We now use the pilot study data to report the impact on recovery by ambient temperature shipment. We also investigated models using machine learning with a restricted set of analytes, resistant to temperature effects. In this non-interventional, international validation study; we report changes in recovery of analytes and the accuracy of gestational age estimation comparing two shipment methods, and results from machine learning models using analytes resistant to temperature change, compared to those obtained by conventional methods using all analytes [18].
METHODS
Study population
This study was undertaken using data from the AMANHI, all children thrive (ACT), community based, prospective pregnancy and newborn cohorts from Pemba (Tanzania), Sylhet (Bangladesh) and Karachi (Pakistan).
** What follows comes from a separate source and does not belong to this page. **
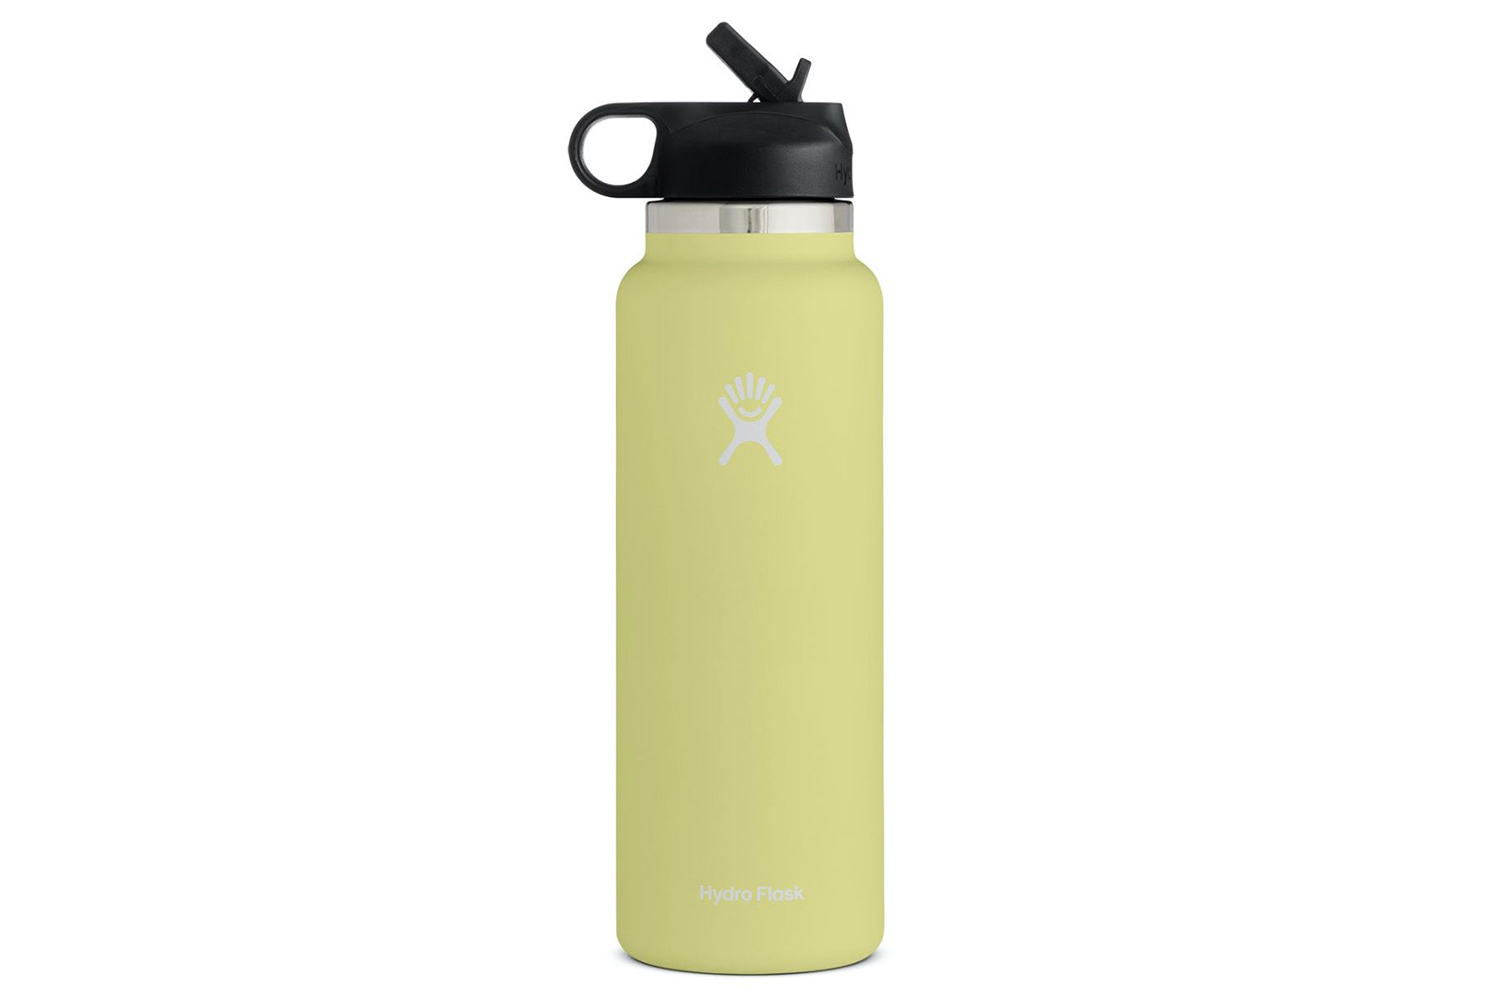 https://www.themanual.com/wp-content/uploads/sites/9/2021/02/wide-mouth-straw-lid-hydro-flask-pineapple.jpg?fit=800%2C533&p=1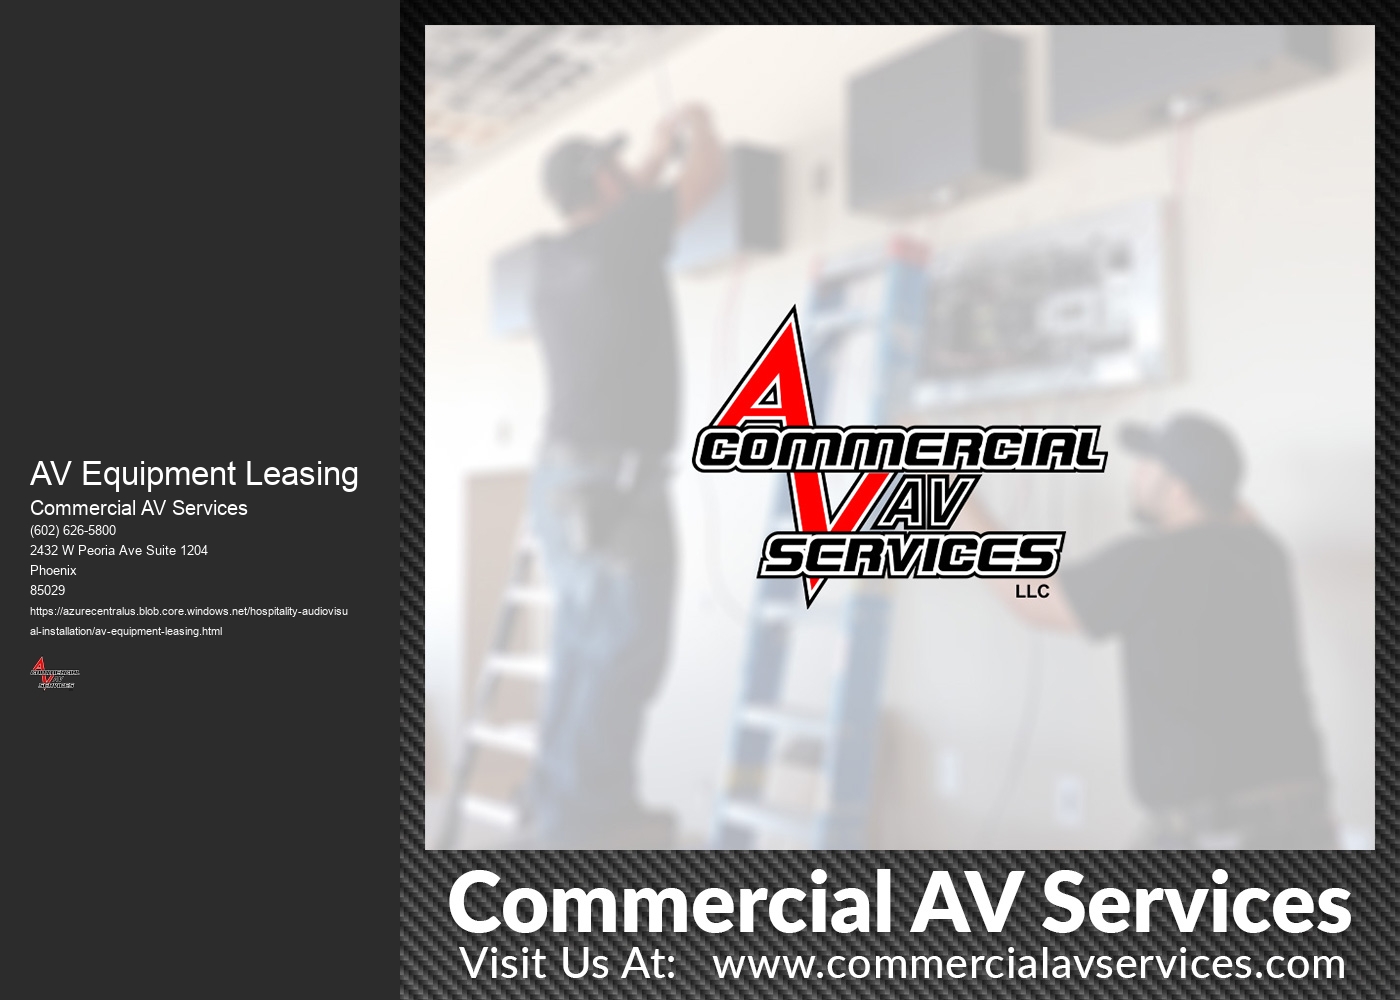 Are there any specific requirements or qualifications for leasing AV equipment?

The rationale for these cohorts and associated biobank, procedures, and cohort characteristics have been described elsewhere [24]. One of the objectives of the AMANHI study was to develop and validate programmatically feasible approaches to accurately assess the gestational age of babies after they are born. Briefly, women were enrolled in early pregnancy and followed through delivery and the postpartum period. GA was established by ultrasonography at screening using the fetal crown rump length (if <14 weeks gestation) or biparietal diameter and femur length (if ≥14 weeks) [25,26]. All fetal biometry measurements were measured twice and then averaged for gestational age calculations [27,28]. Birth weight (5g sensitivity) was measured using standard newborn weighing scale (SECA corporation, Columbia, MD, USA).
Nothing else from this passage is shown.